Spatial data types can be used to store and manipulate location-based information and come in the form of two new data types: geography and geometry. The geography data type is a .NET CLR data type that provides a storage structure for geodetic data, sometimes referred
to as round earth data because it assumes a roughly spherical model of
the world. It provides a storage structure for spatial data that is
defined by latitude and longitude coordinates using an industry standard
ellipsoid such as WGS84, the projection method used by Global
Positioning System (GPS) applications. The geometry
data type is a .NET CLR data type that supports the planar model/data,
which assumes a flat projection and is therefore sometimes called flat
earth. geometry data is represented as
points, lines, and polygons on a flat surface, such as maps and interior
floor plans where the curvature of the earth does not need to be taken
into account.
Large-Value Data Types
Three large-value data types
added in SQL Server 2005 allow you to store a significant amount of data
in a single column. They allow you to store up to 231 bytes of non-Unicode data and 230 bytes of Unicode data. All these data types have the (max) designator: varchar(max), nvarchar(max), and varbinary(max). The varchar, nvarchar, and varbinary data types were available prior to SQL Server 2005, but the max parameter gave these types additional scope.

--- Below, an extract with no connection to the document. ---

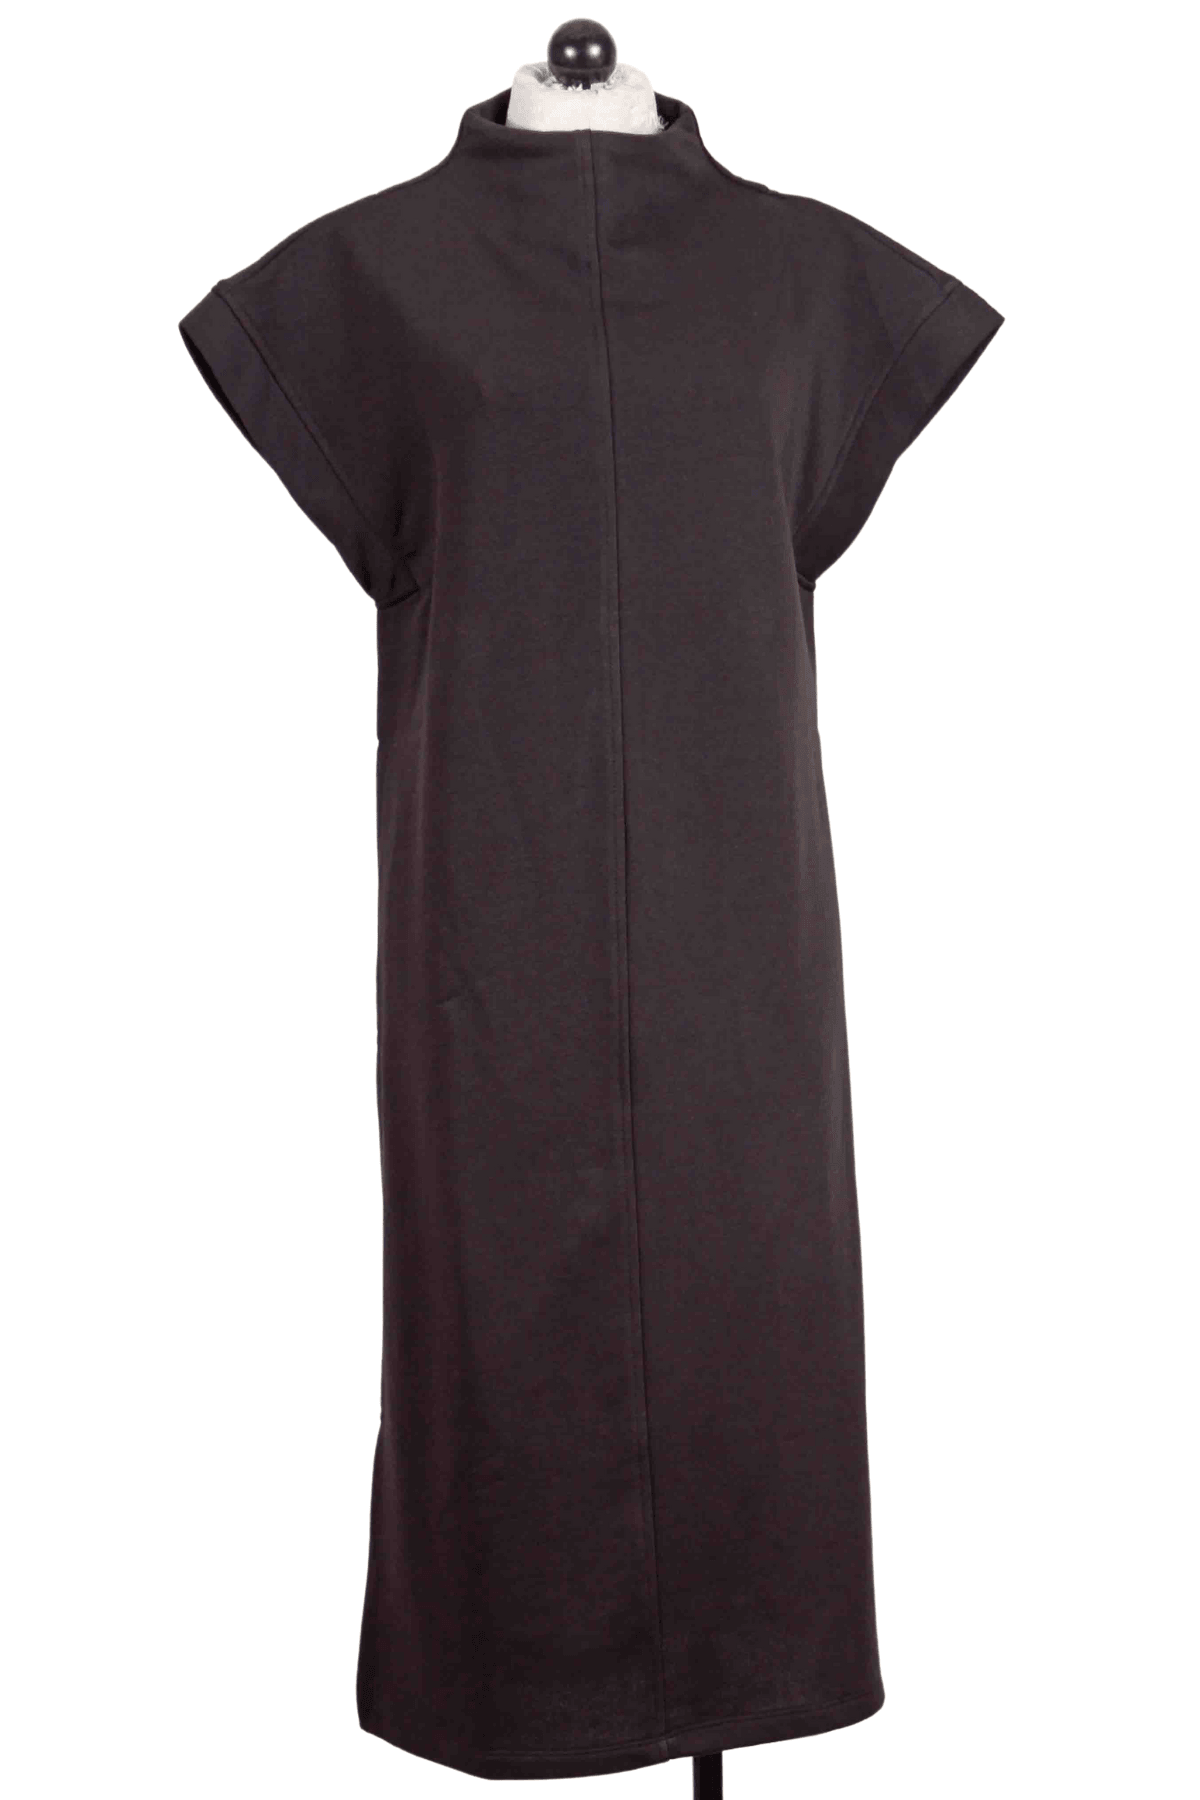 black Cap Sleeve Split Sided Dress by Alembika

The great thing about these
data types is that they are much easier to work with than large object
(LOB) data types. LOB data types (which include text, ntext, and image)
require special programming when retrieving and storing data. The
large-value data types do not have these restrictions. They can be used
much like their smaller counterparts varchar(n), nvarchar(n), and varbinary(n) that are defined without the max keyword. So if you want to select data from a varchar(max) column, you can simply execute a SELECT statement against it, regardless of the amount of data stored in it. Consider, for example, the following SELECT statement, executed against a varchar(max) column named DocumentSummary in the AdventureWorks2008.Production.Document table:
select Title, substring(DocumentSummary,1,30) 'DocumentSummary'
from production.document
where LEFT(DocumentSummary,30) like 'Reflector%'
/* results from previous select statement
Title DocumentSummary
-------------------------------------------------- ------------------------------
Front Reflector Bracket Installation Reflectors are vital safety co
*/
This works fine with the varchar(max) column, but the LEFT function used in the WHERE clause would cause an error if the column were a text column instead.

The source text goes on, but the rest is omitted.